■ Information supplied
*-*-*
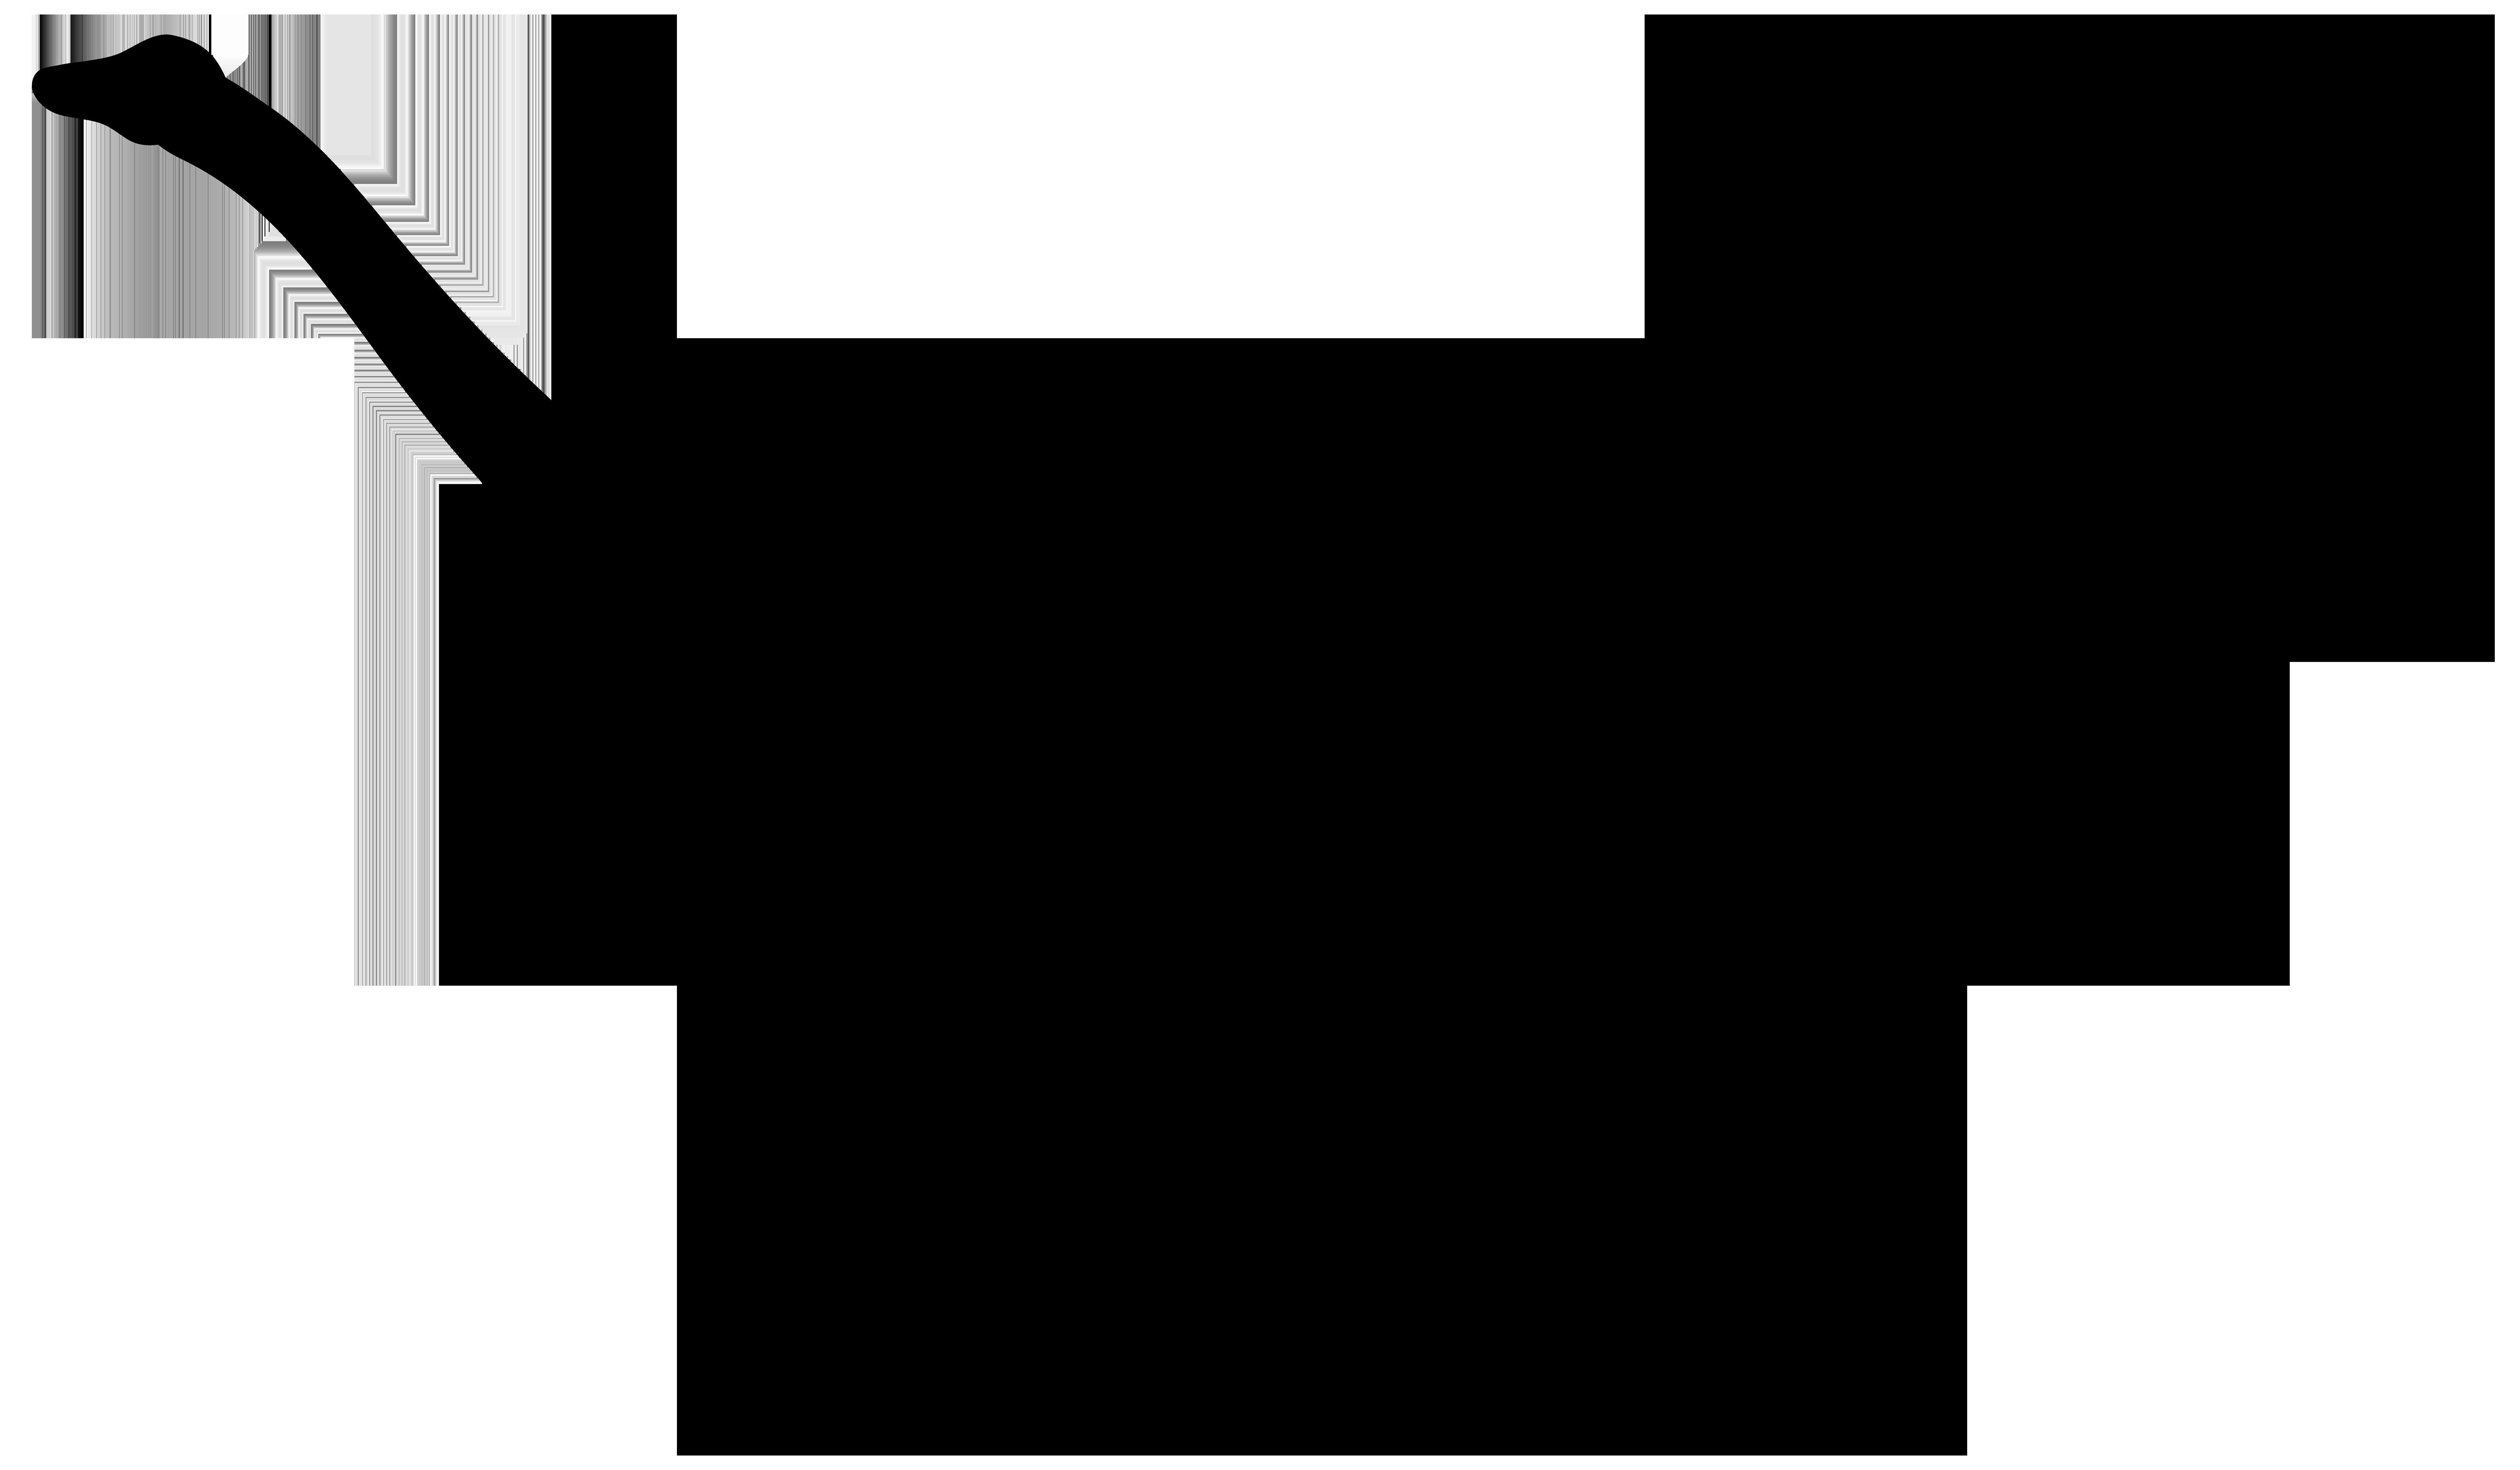 Clipart bible silhouette. Clip art dinosaur png
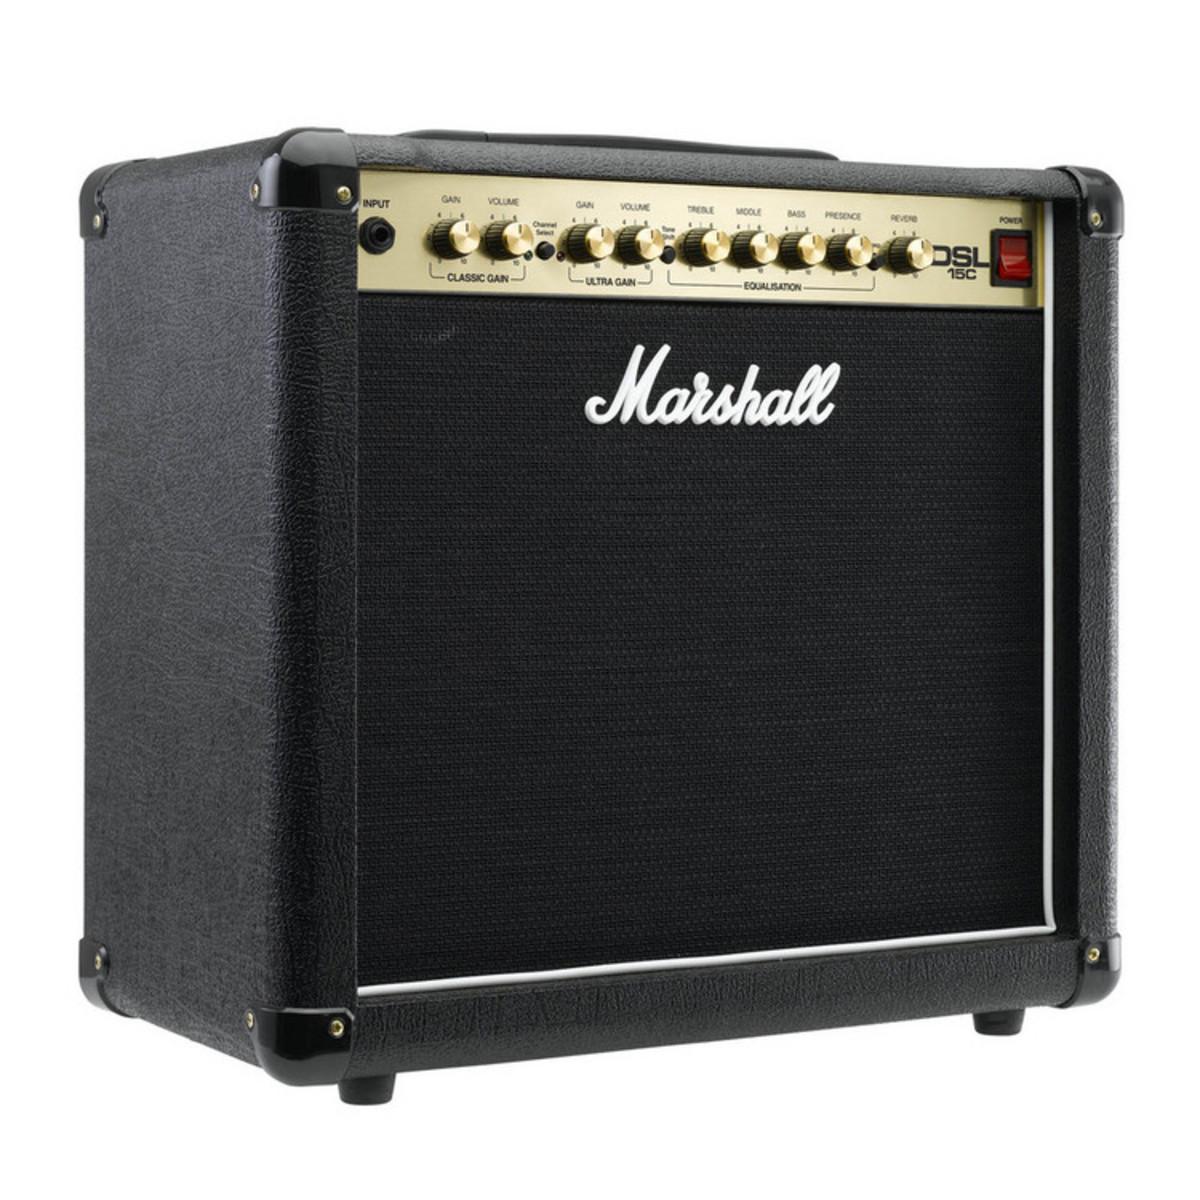 marshall dsl15c dsl series 15w guitar combo amp at. Black Bedroom Furniture Sets. Home Design Ideas
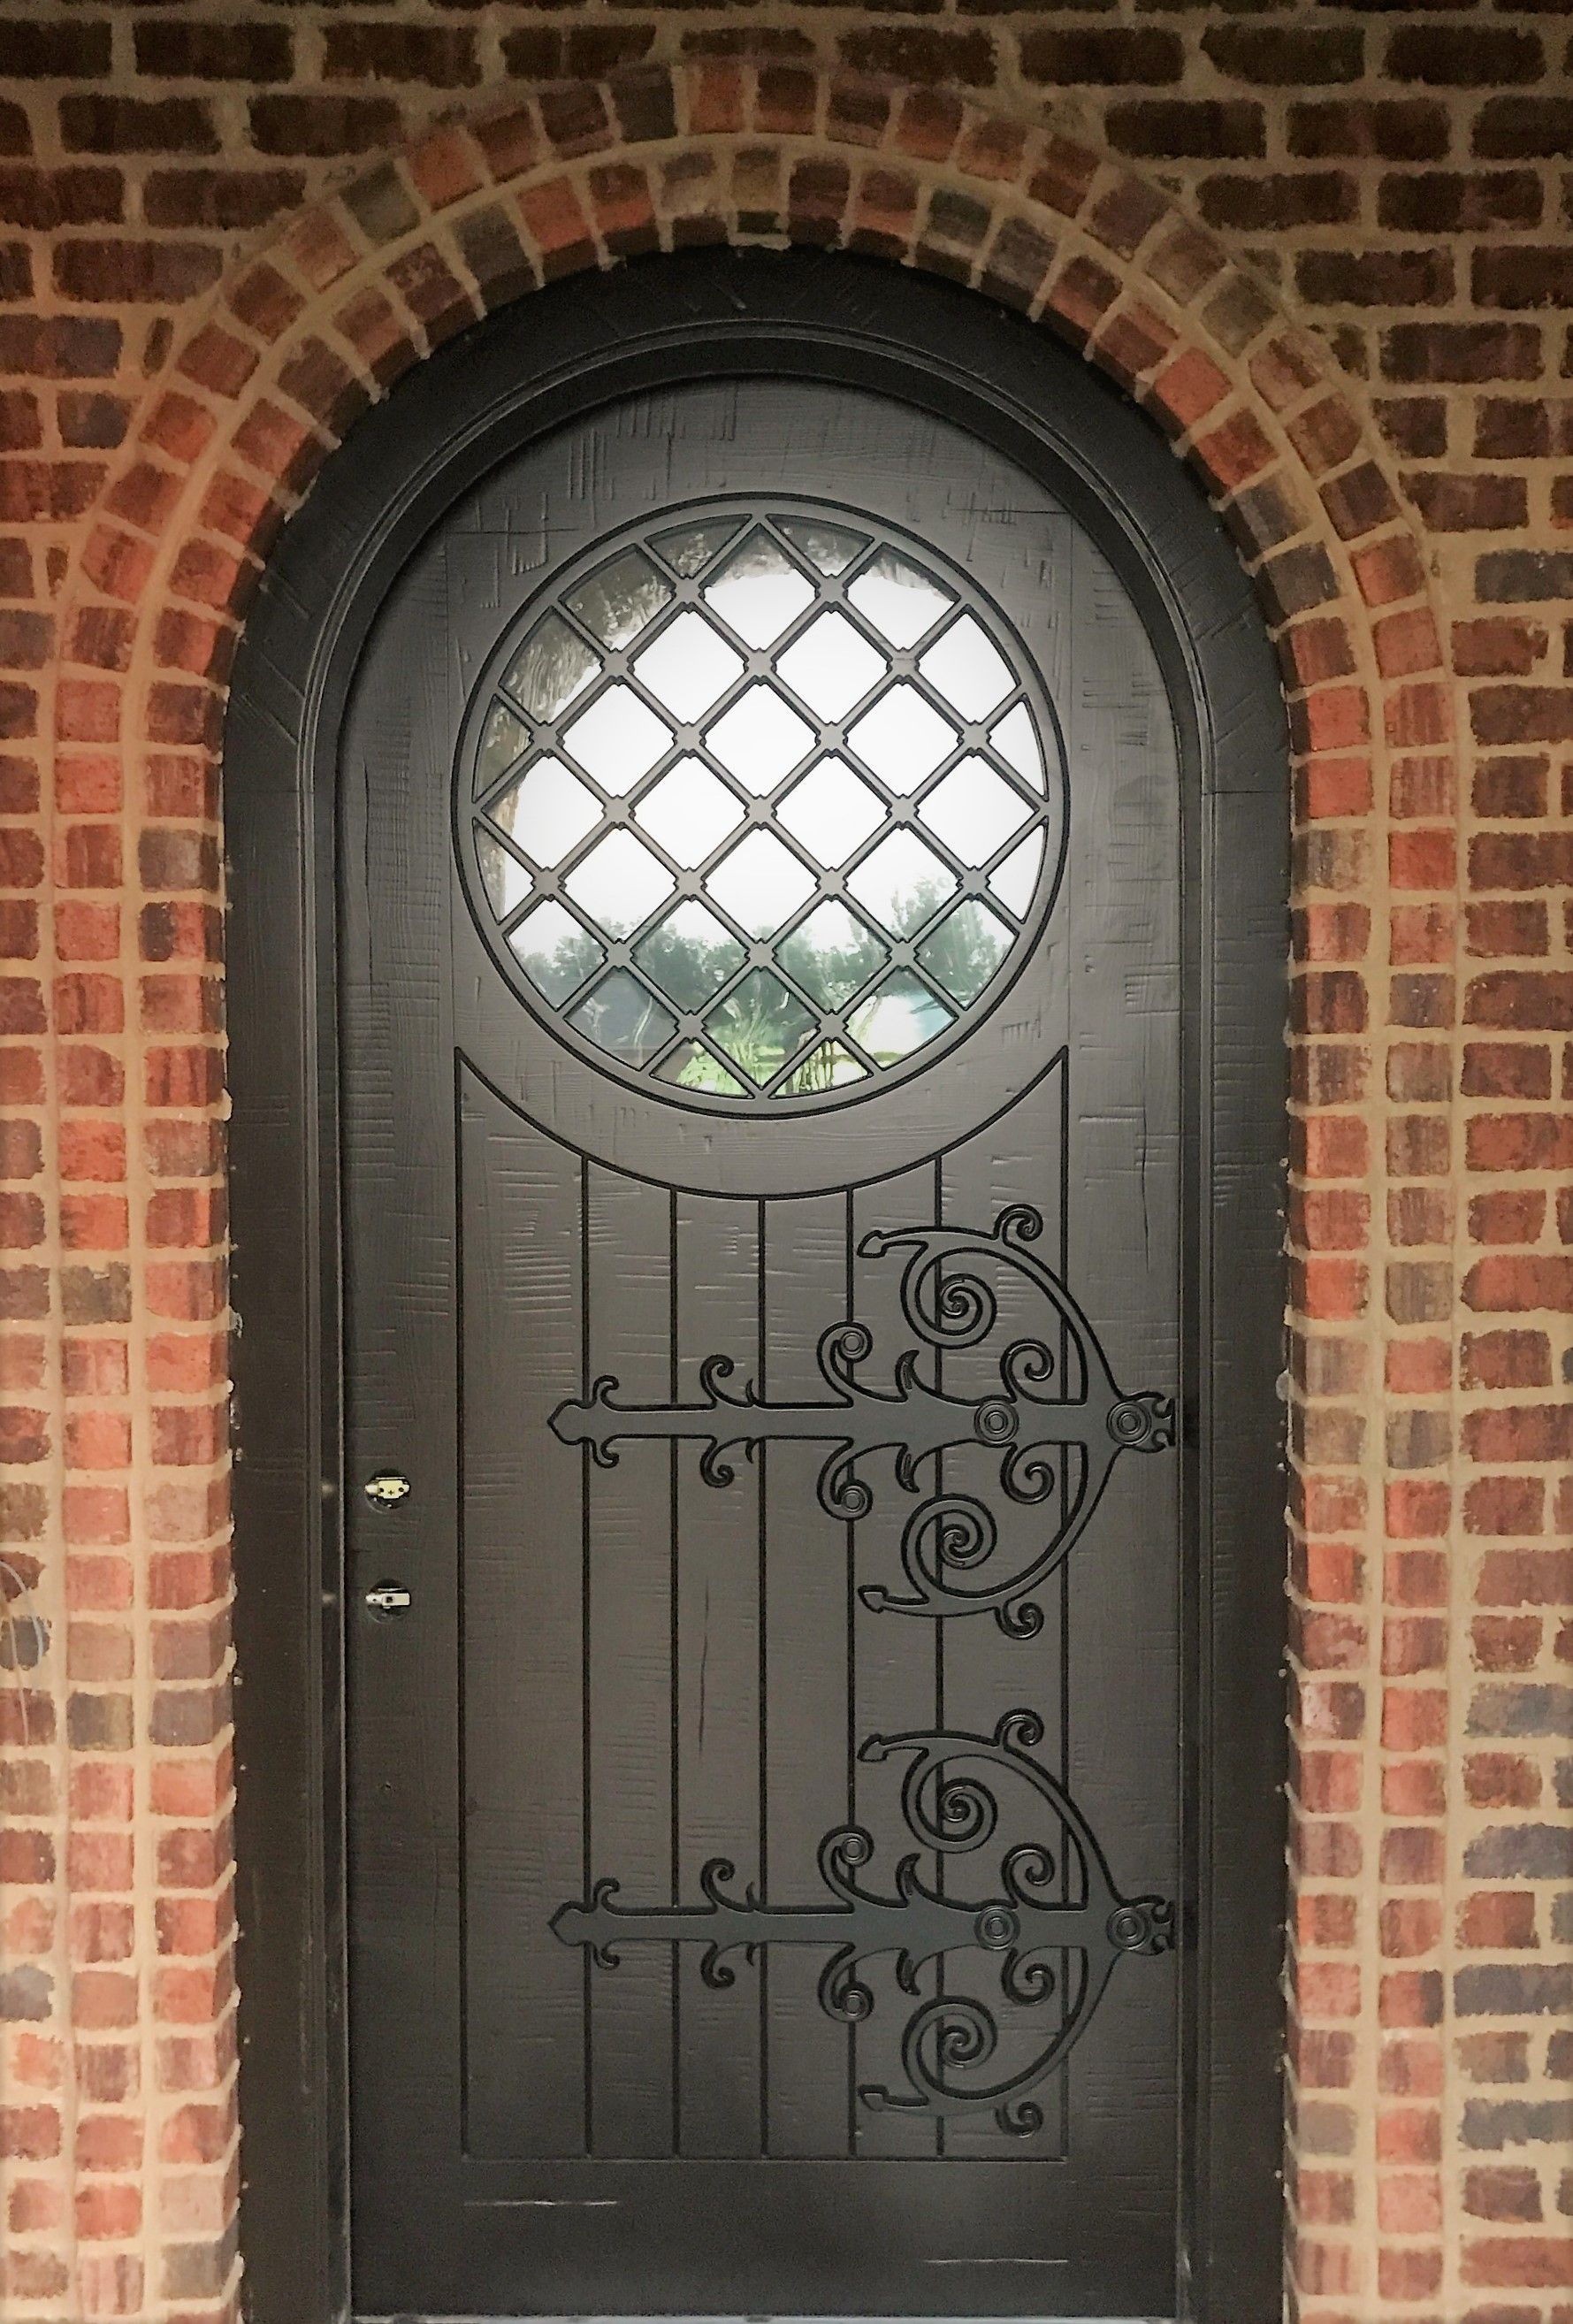 Custom Arched Door - Rustic Walnut Finish - Masterpiece Doors u0026 Shutters (844) 202 & Custom Arched Door - Rustic Walnut Finish - Masterpiece Doors ...
*-*-*
■ Task objective
Word for word, restate every line of the listing, omitting the pictures.

■ Exercise answer
 Clipart bible silhouette. Clip art dinosaur png
 marshall dsl15c dsl series 15w guitar combo amp at. Black Bedroom Furniture Sets. Home Design Ideas
 Custom Arched Door - Rustic Walnut Finish - Masterpiece Doors u0026 Shutters (844) 202 & Custom Arched Door - Rustic Walnut Finish - Masterpiece Doors ...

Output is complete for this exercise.